PEDIATRIC PRESCRIPTIONS - USE CAUTION!!

Each year the Texas State Board of Pharmacy (TSBP) receives complaints alleging that errors occurred in the dispensing of prescriptions. During FY2004, TSBP instituted disciplinary action in 55 cases where a dispensing error was made on a prescription for a pediatric patient or 44% of errors resulting in disciplinary action involved pediatric prescriptions. The chart below reflects the percentage of alleged errors involving pediatric prescriptions for the last five years.
 

  Total # of Disciplinary Orders Total # of Disciplinary Orders Involving Alleged Dispensing Errors Total # of Alleged Errors % of Alleged Errors Involving Pediatric Prescriptions
FY2000 126 43 71 25%
FY2001 145 22 36 31%
FY2002 181 38 45 13%
FY2003 213 82 85 44%
FY2004 235* 101 126 44%

* This number does not include disciplinary orders entered by the Board during FY2004 on pharmacy technicians. This number only includes disciplinary orders entered on pharmacists and pharmacies.

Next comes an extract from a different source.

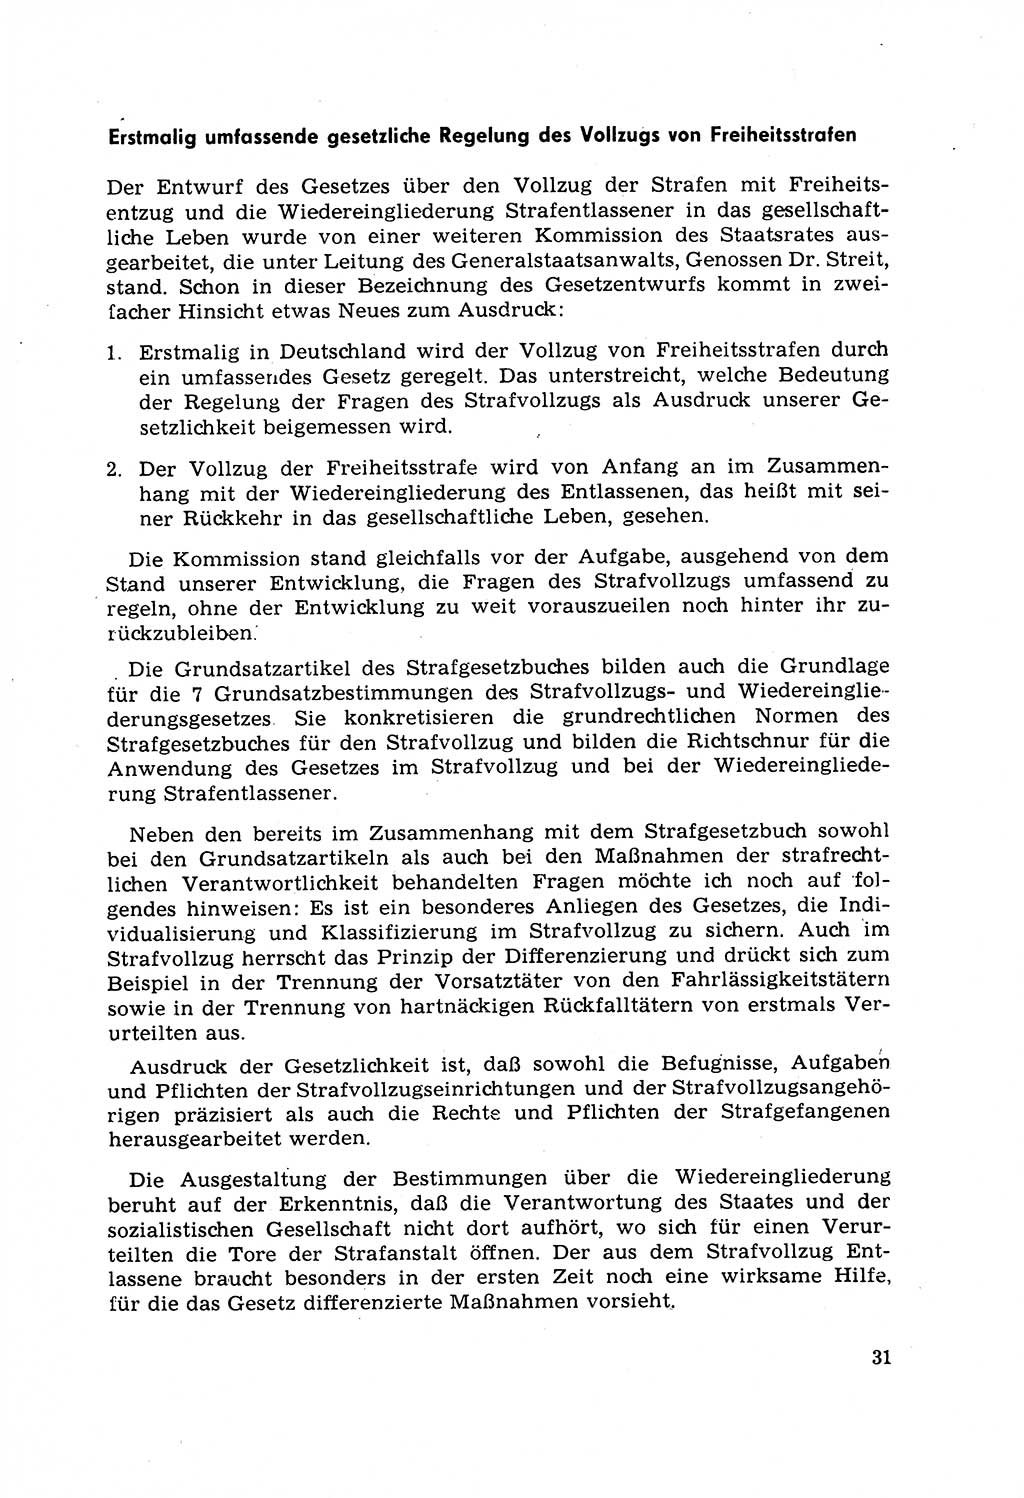 Strafrecht [Deutsche Demokratische Republik (DDR)] 1968, Seite 31 (Strafr. DDR 1968, S. 31)

One of the most common dispensing error complaints received by the Board involves prescriptions in which the prescriber has indicated the dosage to be administered to a pediatric patient as a "cc" or "ml" The error occurs when "cc" or "ml" is misread and data entered incorrectly as TEASPOONFUL rather than "cc" or "ml," resulting in incorrect directions for use. This situation is exacerbated when the prescribed number of dosage units is more than one. Pharmacists need to be familiar with pediatric dosages. In reviewing the patient's medication record, the pharmacist should always check the patient's date of birth. Knowing that the patient in an infant/child would alert the pharmacist that the dosage may be different.

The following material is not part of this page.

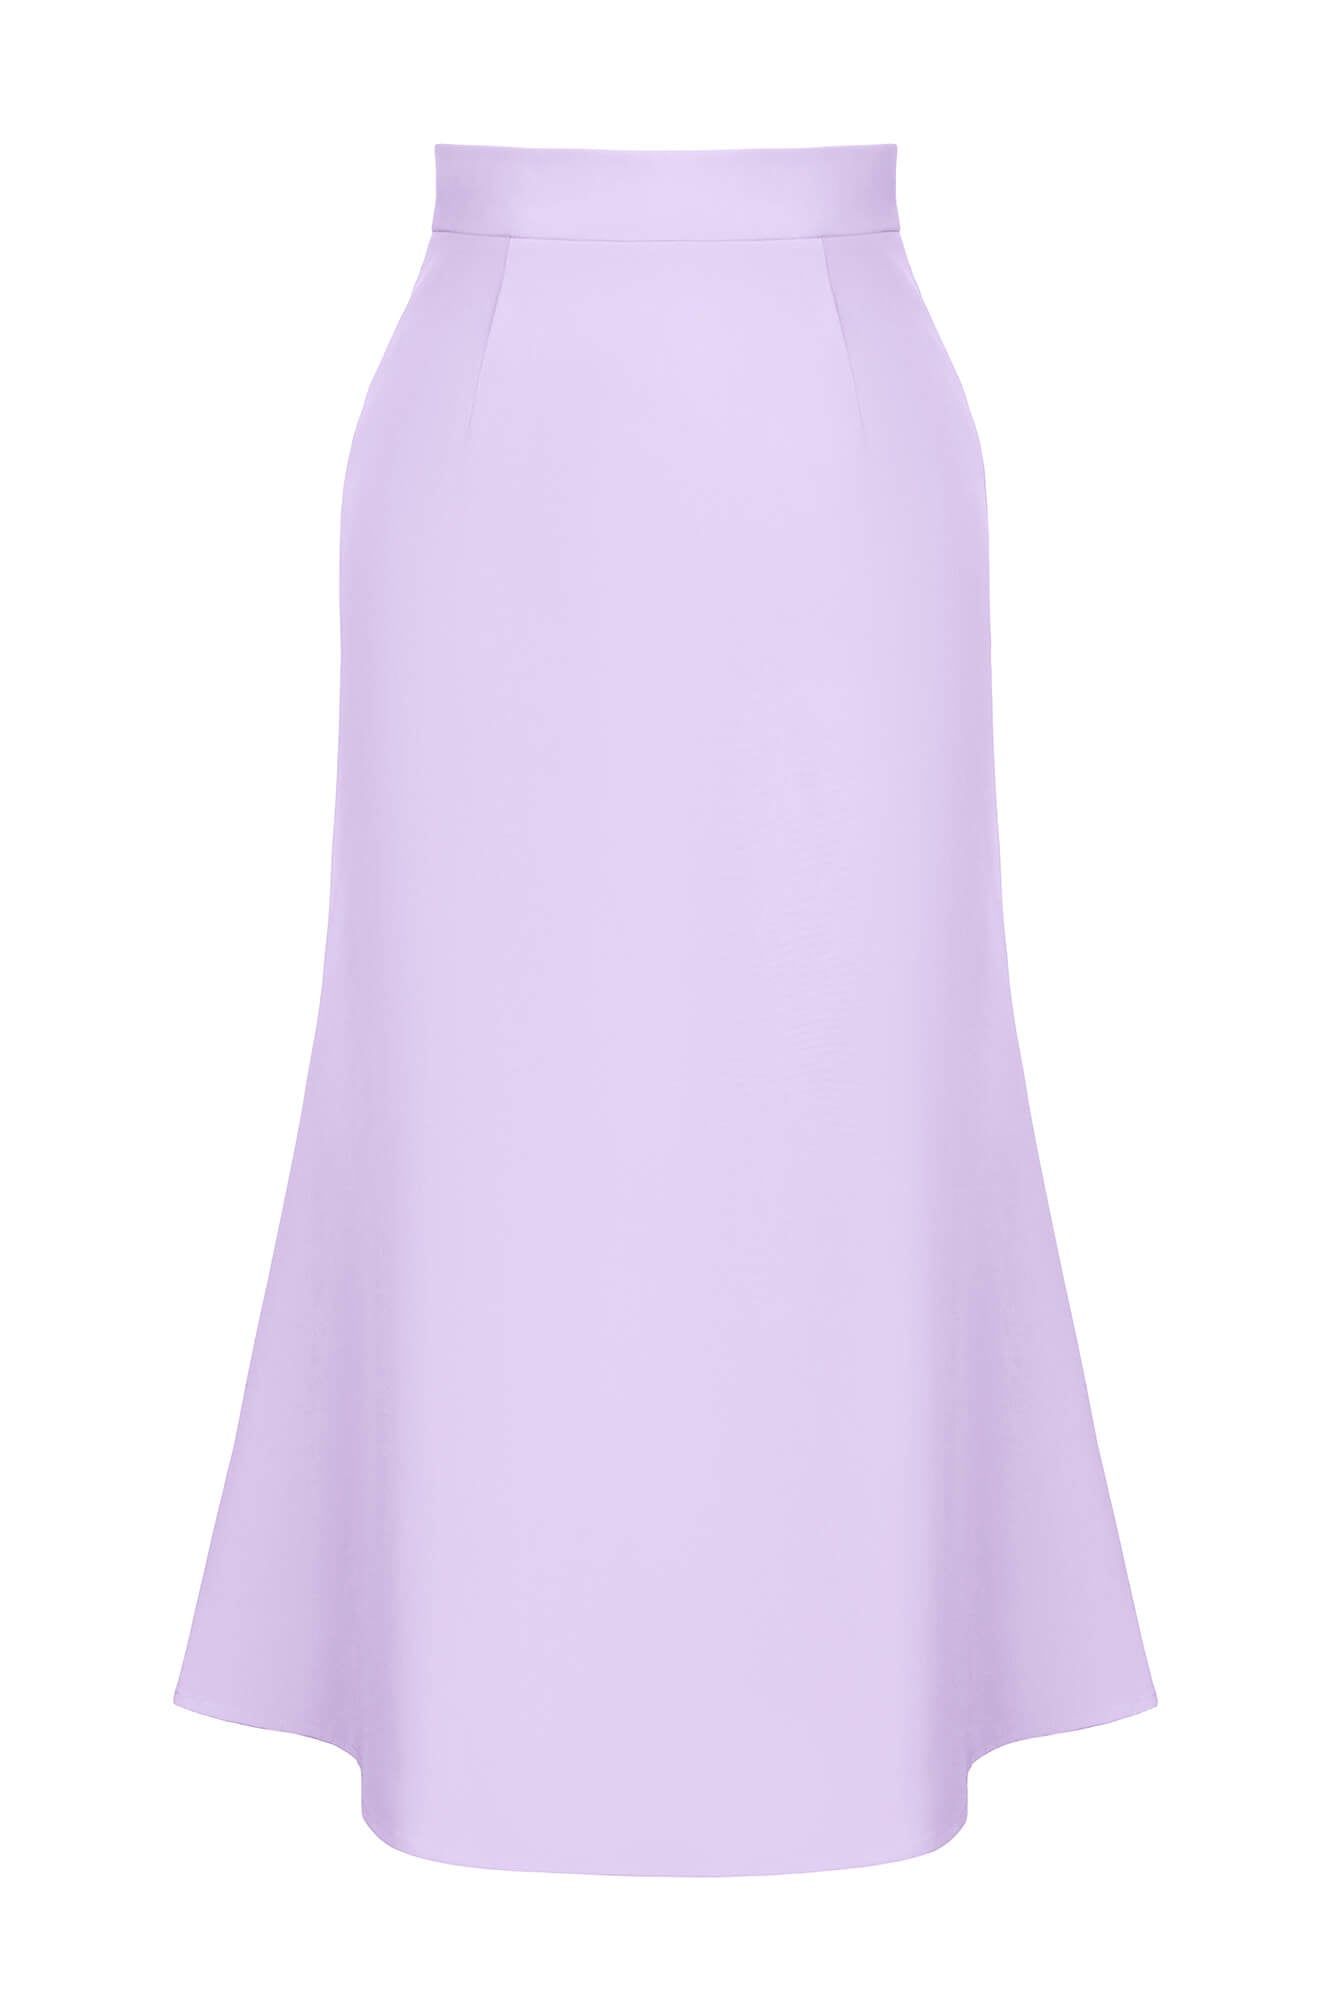 Viscose Midi Skirt in Lavender

Many of these errors could be detected and thereby prevented if the pharmacist conducts a drug utilization review (DUR). Many pharmacists use computer software programs to assist them with DUR. However, most computer software programs do not include age as one of the variables when conducting DUR. Therefore, TSBP encourages pharmacists to work with their software vendors to develop such programs or to place a "hard stop" in the computer to indicate to the pharmacist that this is a pediatric patient and the pharmacist should double check the dosage and directions.